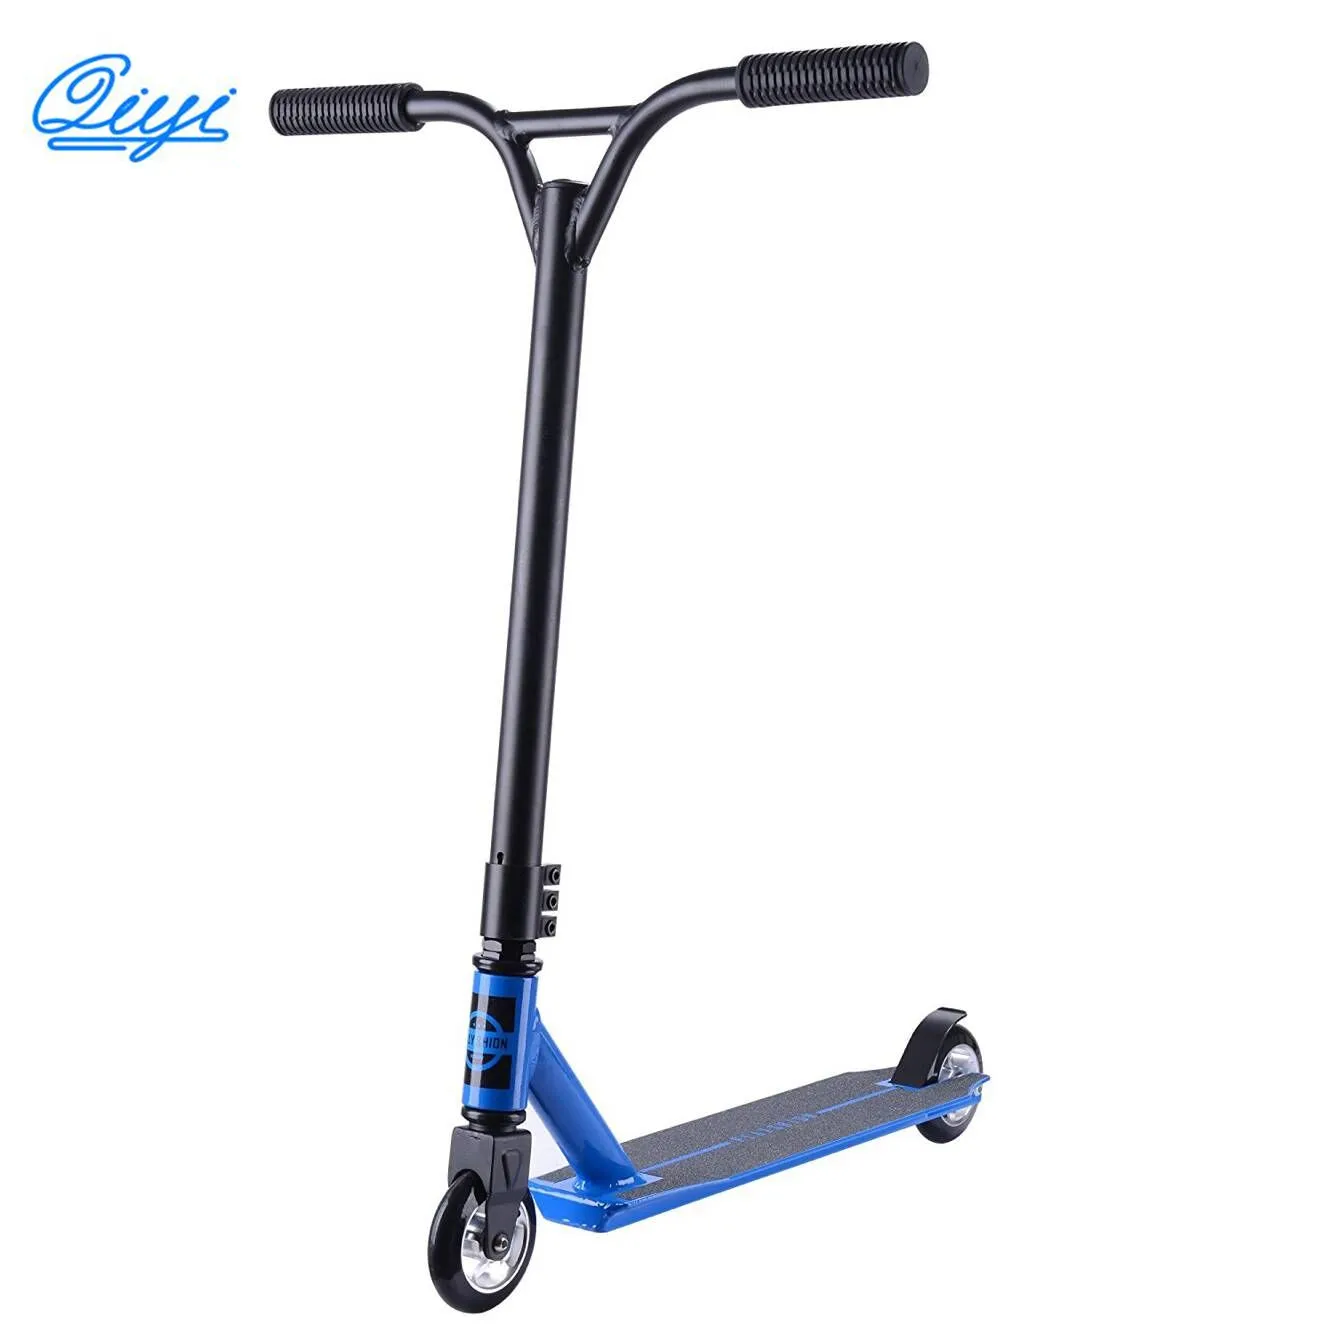 

Fashionable adult stunt scooter kids kick play aluminium body scooters for teenagers
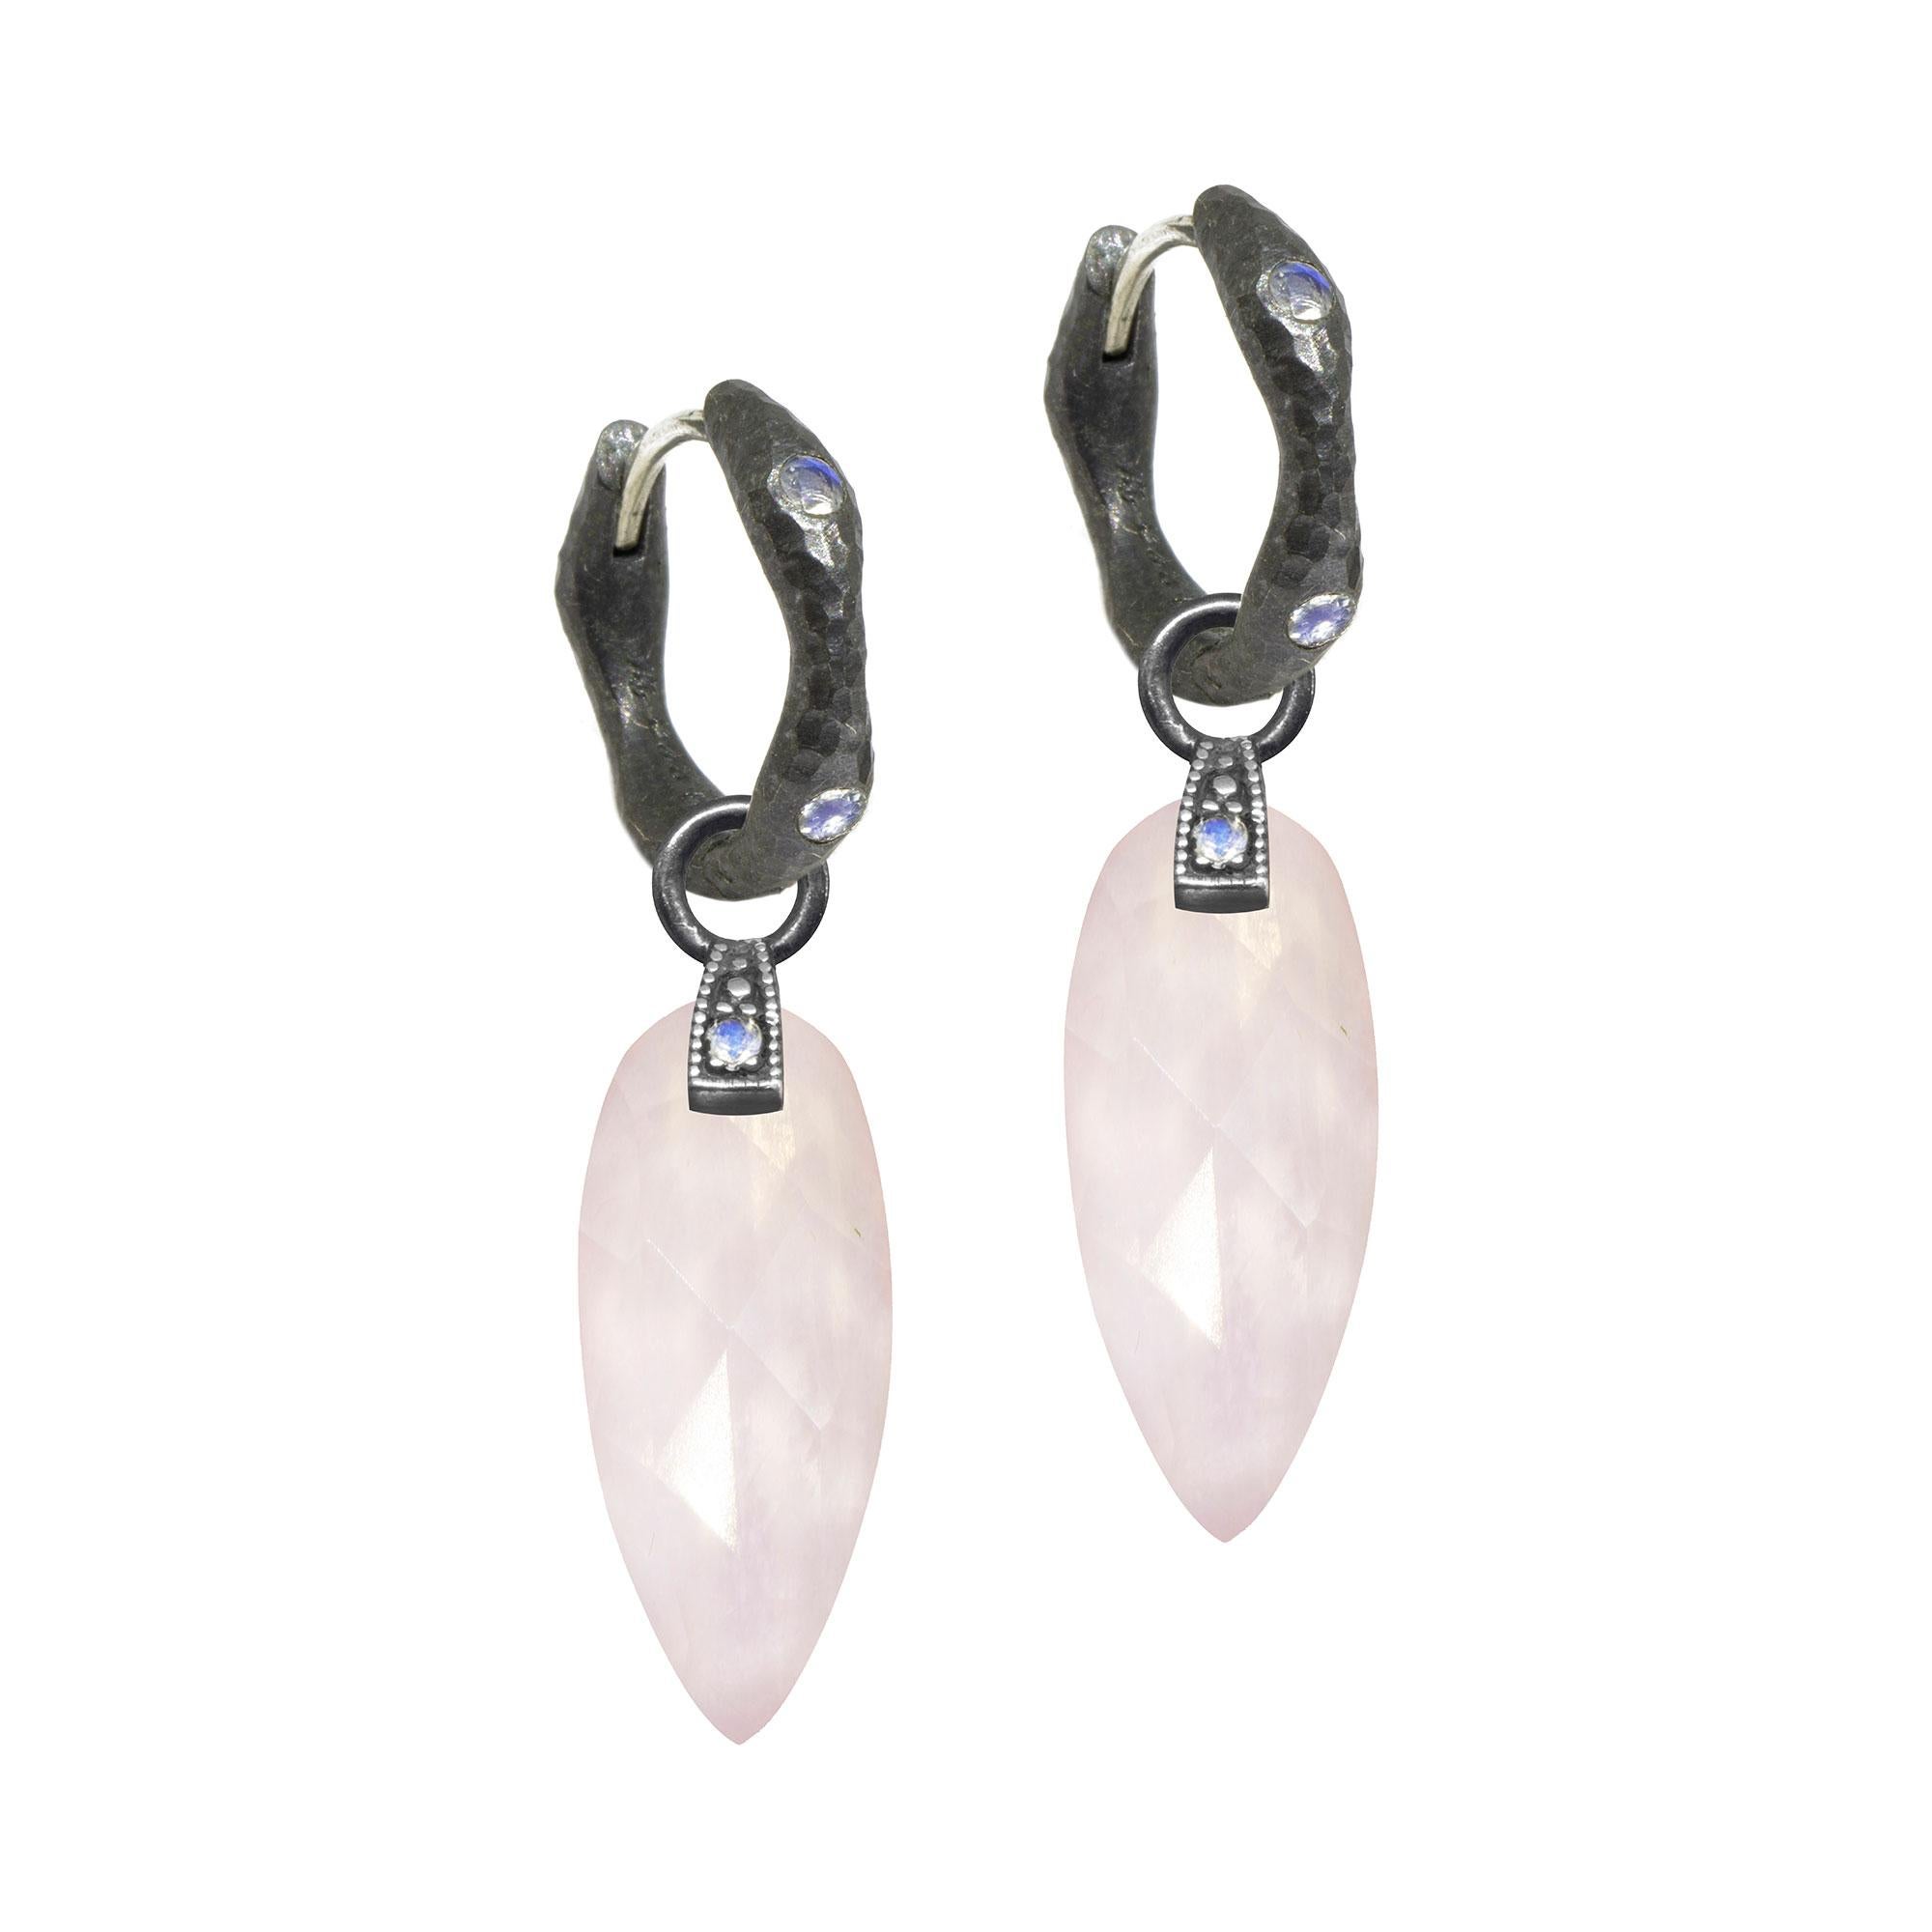 The perfect everyday style, the Angel Wings 20mm Oxidized Charms feature rose quartz drops dangling from a gemstone-studded bale.
Nina Nguyen Design's patent-pending earrings have an element on the back of the stud or charm to allow these pieces to

■ ■ ■ ■

- [What is being asked] Copy every line above exactly; images stay out.

- [Result]
Fashionable adult stunt scooter kids kick play aluminium body scooters for teenagers
 The perfect everyday style, the Angel Wings 20mm Oxidized Charms feature rose quartz drops dangling from a gemstone-studded bale.
Nina Nguyen Design's patent-pending earrings have an element on the back of the stud or charm to allow these pieces to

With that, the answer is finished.